The rise of autonomous agents: How AI is reshaping the banking sector in Australia and New Zealand - The Legend of Hanuman

The rise of autonomous agents: How AI is reshaping the banking sector in Australia and New Zealand


By Jeremy Thomas, Regional Sales Director at Backbase

 

The banking sector in Australia and New Zealand is undergoing a transformation driven by Artificial Intelligence (AI), with organisations rapidly integrating AI-powered solutions into their operations.

According to consulting firm Bain, 59% of banks globally are already exploring generative AI for customer service applications, while 55% are leveraging it for software development. However, the industry is now moving beyond initial experiments, embracing agentic AI, which promises to redefine banking operations.

From experimentation to implementation

The banking sector’s initial foray into AI began with coding assistance tools such as GitHub Copilot, primarily for internal use. Cautious adoption led to the introduction of chatbots designed to handle routine customer queries.

However, the landscape is shifting. The advent of autonomous AI agents is enabling banks to streamline operations, enhance customer interactions, and increase revenue through personalisation and automation.

Initially viewed as a tool to improve call centre efficiency, AI has now evolved into a strategic asset. Banks are finding that AI agents can significantly reduce labour costs, simplify banking processes, and enhance customer service. By minimising administrative burdens and accelerating data processing, AI is poised to transform financial services. 

Unlocking AI’s full potential

Despite AI’s promise, its effectiveness hinges on a bank’s ability to integrate AI agents into its broader digital infrastructure. Engagement banking platforms are crucial in this regard, providing a unified environment where AI agents can access data and workflows in real-time.

These platforms allow seamless AI integration across multiple banking functions, from customer service to mortgage lending.

For example, AI-powered agents can collect and verify customer documents, assess creditworthiness, and connect all relevant stakeholders, thereby streamlining the lending process.

Without a centralised platform, banks may struggle to harness AI’s full potential, leaving them at a competitive disadvantage. 

The ‘build vs. buy’ debate

A key question for banks is whether to develop proprietary AI tools or invest in pre-built solutions. The answer often lies in a hybrid approach. Organisations can start with ready-made AI solutions to accelerate deployment while simultaneously developing customised tools to address unique business needs.

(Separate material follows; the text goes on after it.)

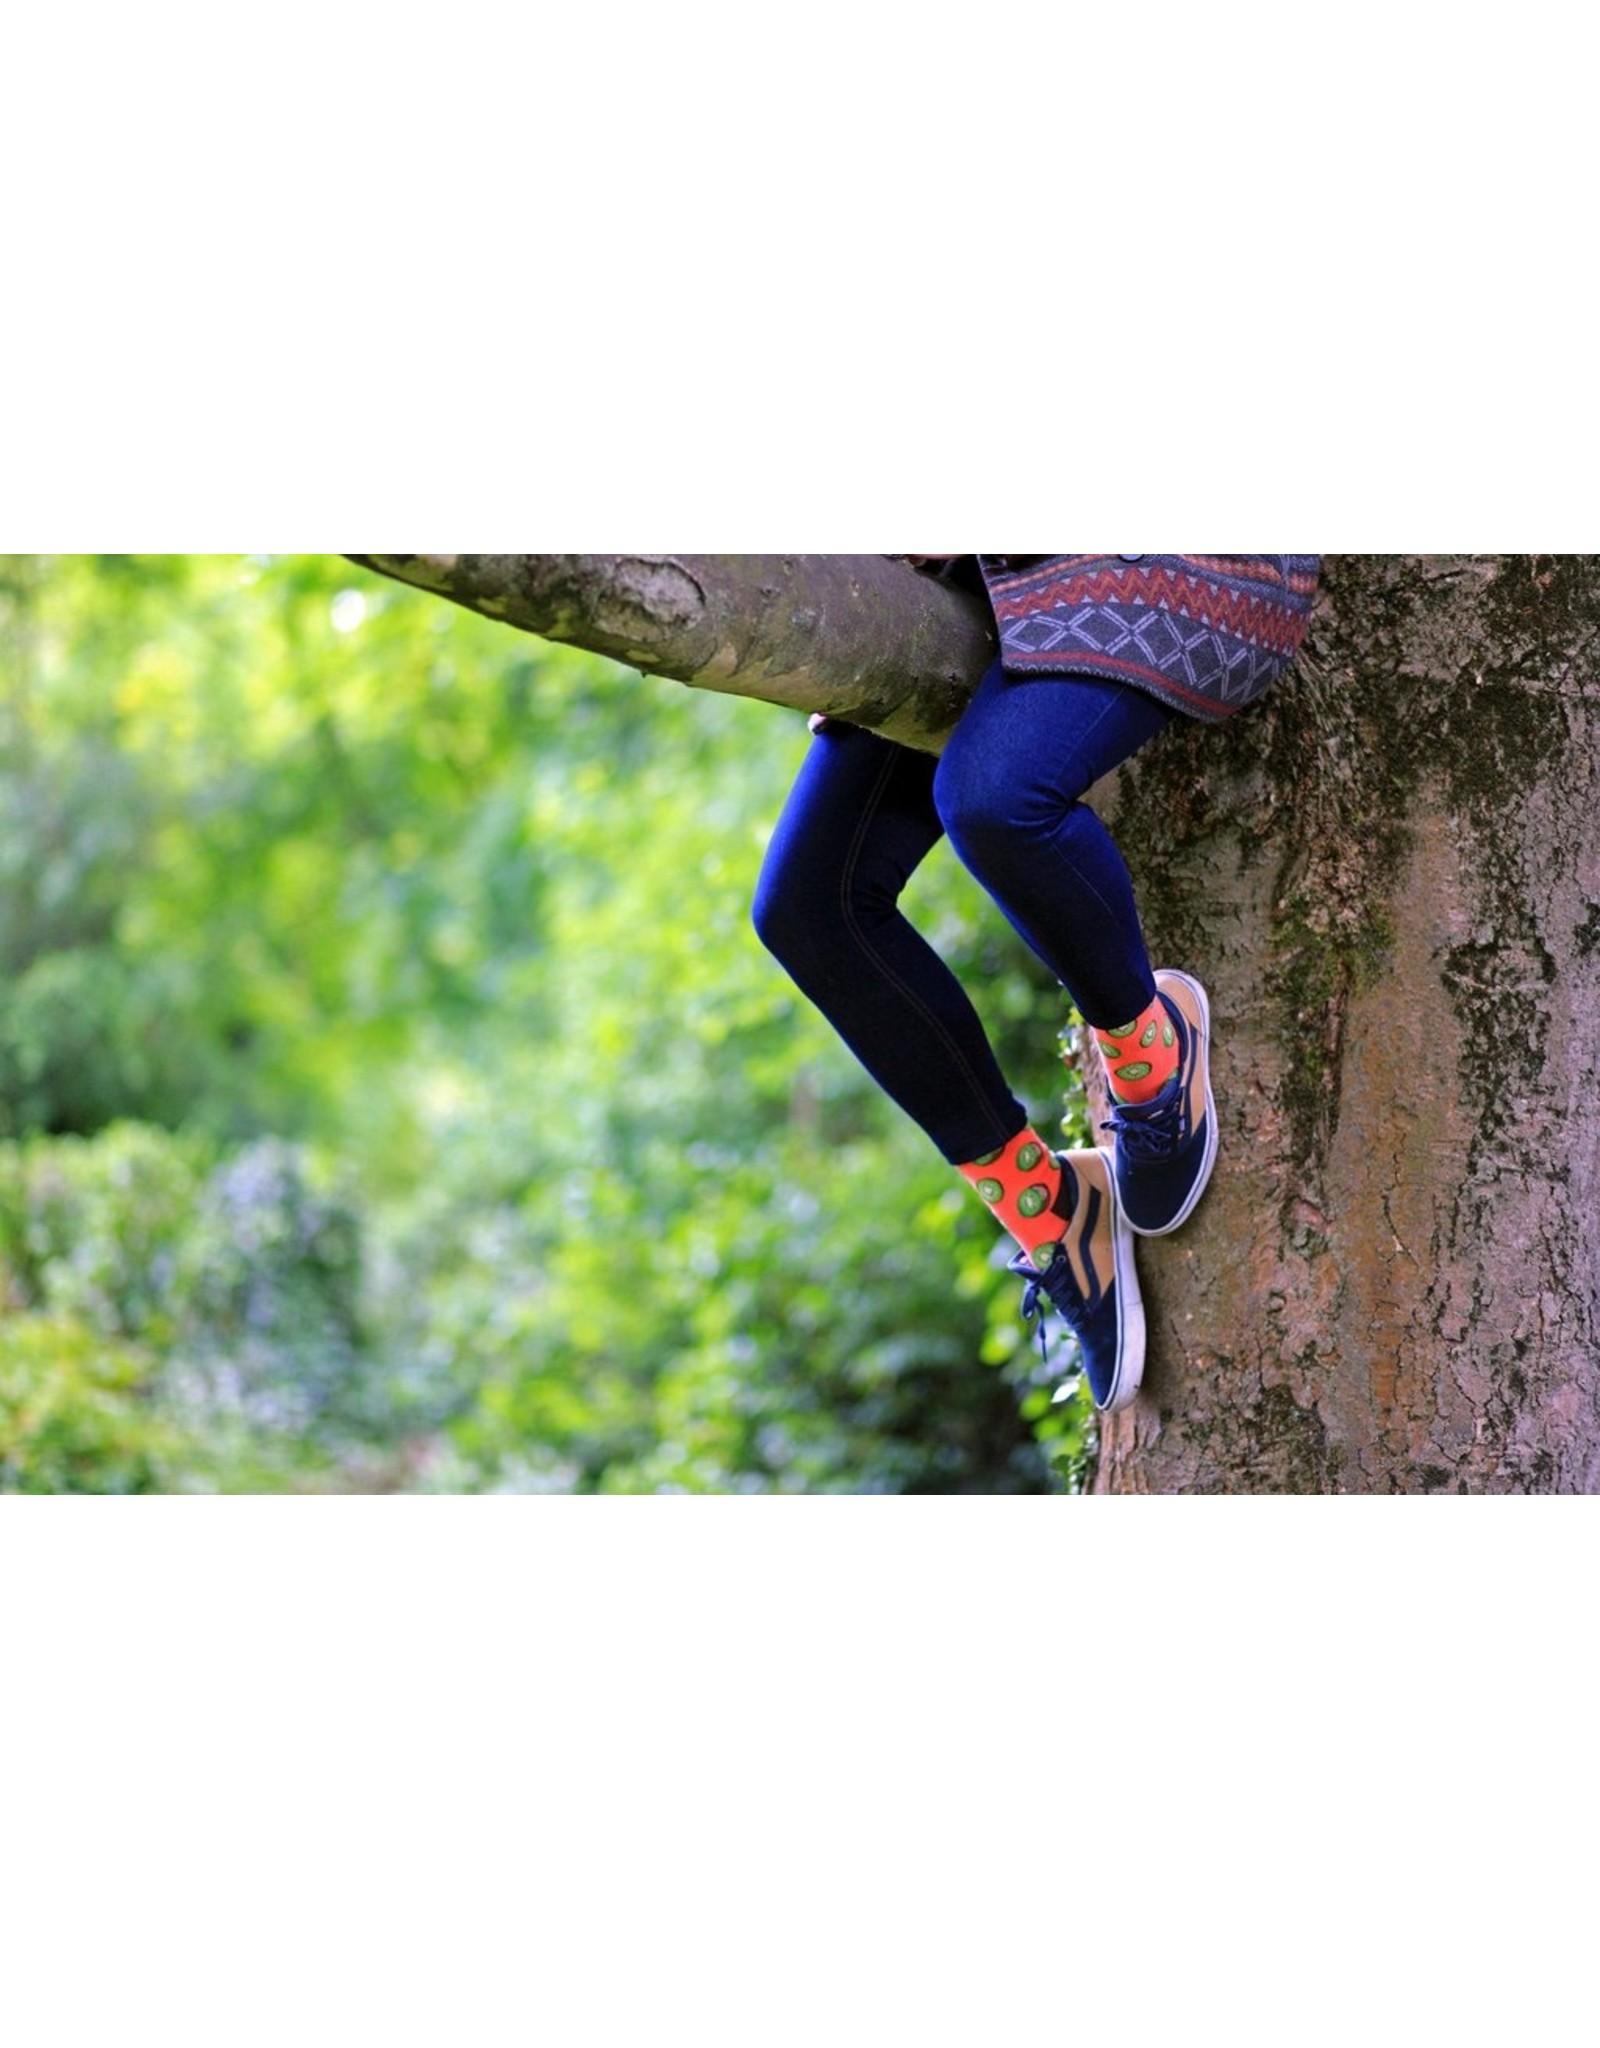 Moustard socks - kiwi (41-46)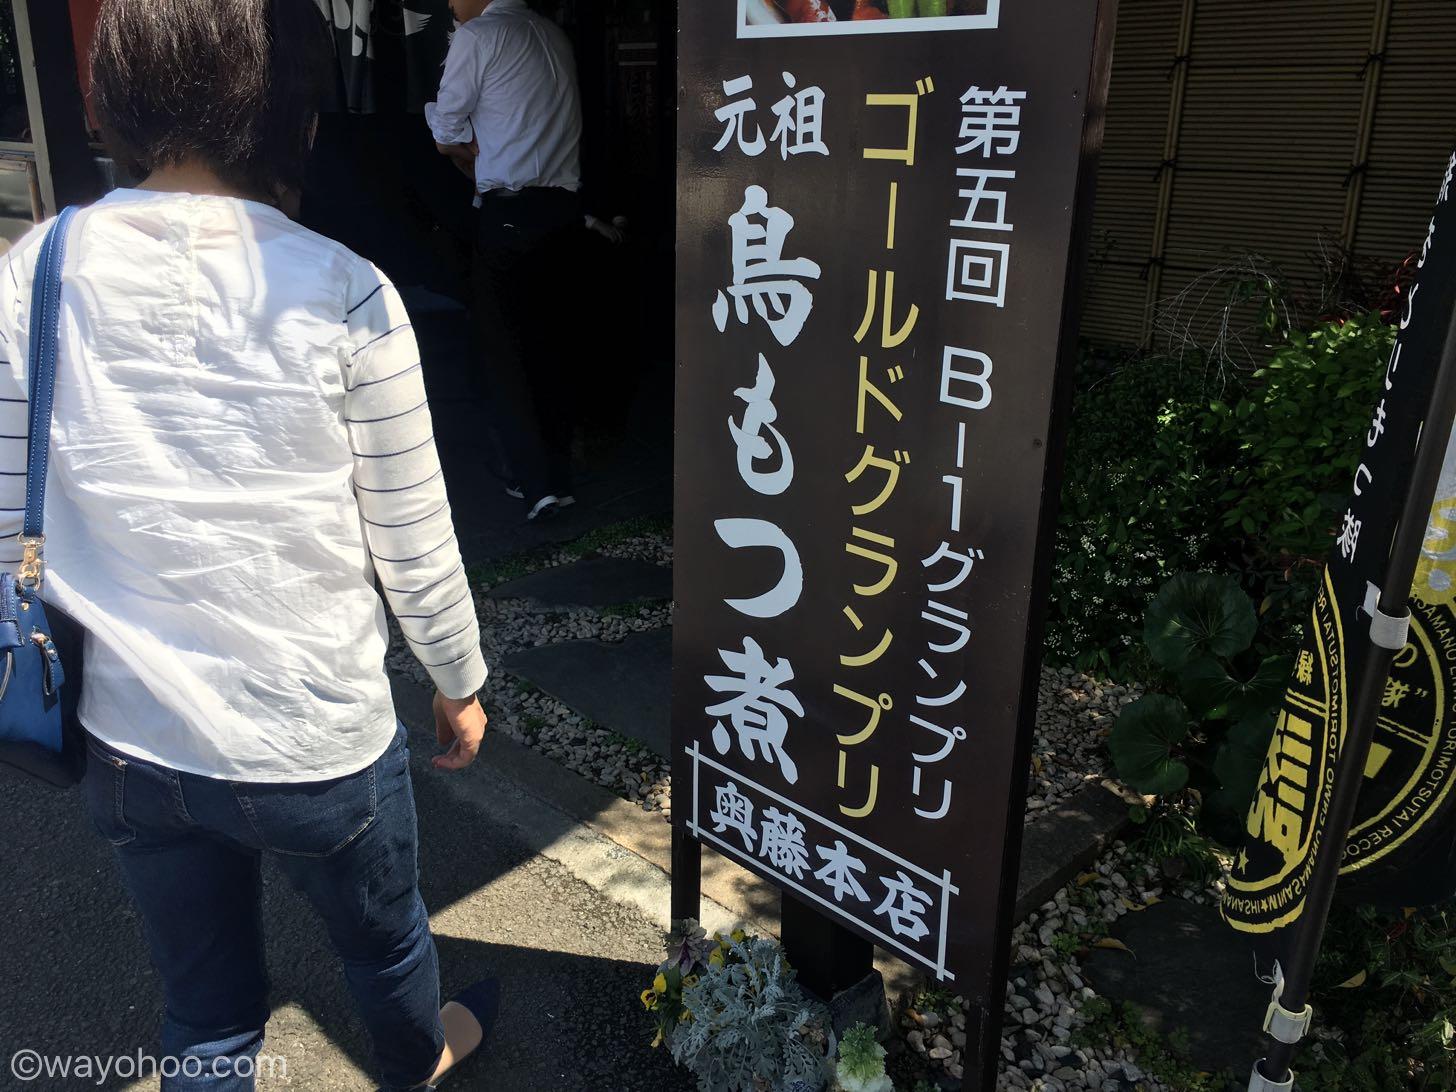 B-1グランプリを獲得した山梨名物の奥藤本店「元祖 甲府鳥もつ煮」

An engagement banking platform plays a crucial role in this strategy. It provides access to pre-configured AI capabilities such as Customer Lifetime Orchestration to enhance customer acquisition and product activation. Enabling banks to build specialised workflows, this flexible approach allows organisations to innovate rapidly while maintaining control over their AI-driven operations. 

The cost of inaction

While early adopters are already reaping the benefits of AI, laggards risk falling behind. Though some organisations may not yet feel the impact, the competitive gap is widening. Banks that fail to invest in AI now may struggle to keep pace with technological advancements and shifting customer expectations.

The window for experimentation is closing. Institutions that do not develop a structured AI strategy will find it increasingly difficult to compete with frontrunners who are already refining their AI-driven processes.

Fortunately, the cost and complexity of AI implementation have declined, making this the ideal moment for banks to take decisive action. 

Addressing internal resistance

Despite AI’s advantages, some banking professionals remain sceptical. Concerns about job displacement and reduced human interaction persist. Overcoming these challenges requires a proactive approach from leadership.

Executives should familiarise themselves with AI technologies before guiding their teams through the transition. Encouraging staff to experiment with AI in their workflows can demystify the technology and highlight its benefits. By fostering a culture of innovation, banks can ease the adoption process and maximise AI’s impact. 

Key considerations for AI adoption

For banks looking to implement AI effectively, several factors must be addressed. These include:

  1. Cultural readiness: Leadership must promote an open-minded approach to AI. Employees should view AI as an enabler rather than a threat, focusing on its potential to enhance productivity and customer experience.
  2. Unified digital infrastructure: Implementing an engagement banking platform will ensure seamless AI integration across departments, enabling real-time data access and process automation.
  3. Incremental implementation: While the potential of AI is vast, banks should take a phased approach to adoption. Starting with targeted use cases allows for smoother implementation and greater long-term success.

The Road Ahead

AI’s role in banking is no longer speculative – it is a necessity. The industry is shifting from AI experimentation to full-scale deployment, and institutions that hesitate risk obsolescence.

By embracing AI-driven solutions, banks can enhance operational efficiency, provide superior customer experiences, and maintain a competitive edge in an increasingly digital financial landscape.

As AI continues to evolve, so must banking strategies. A well-executed AI roadmap will not only future-proof institutions but also unlock new opportunities for growth and innovation in the financial services sector.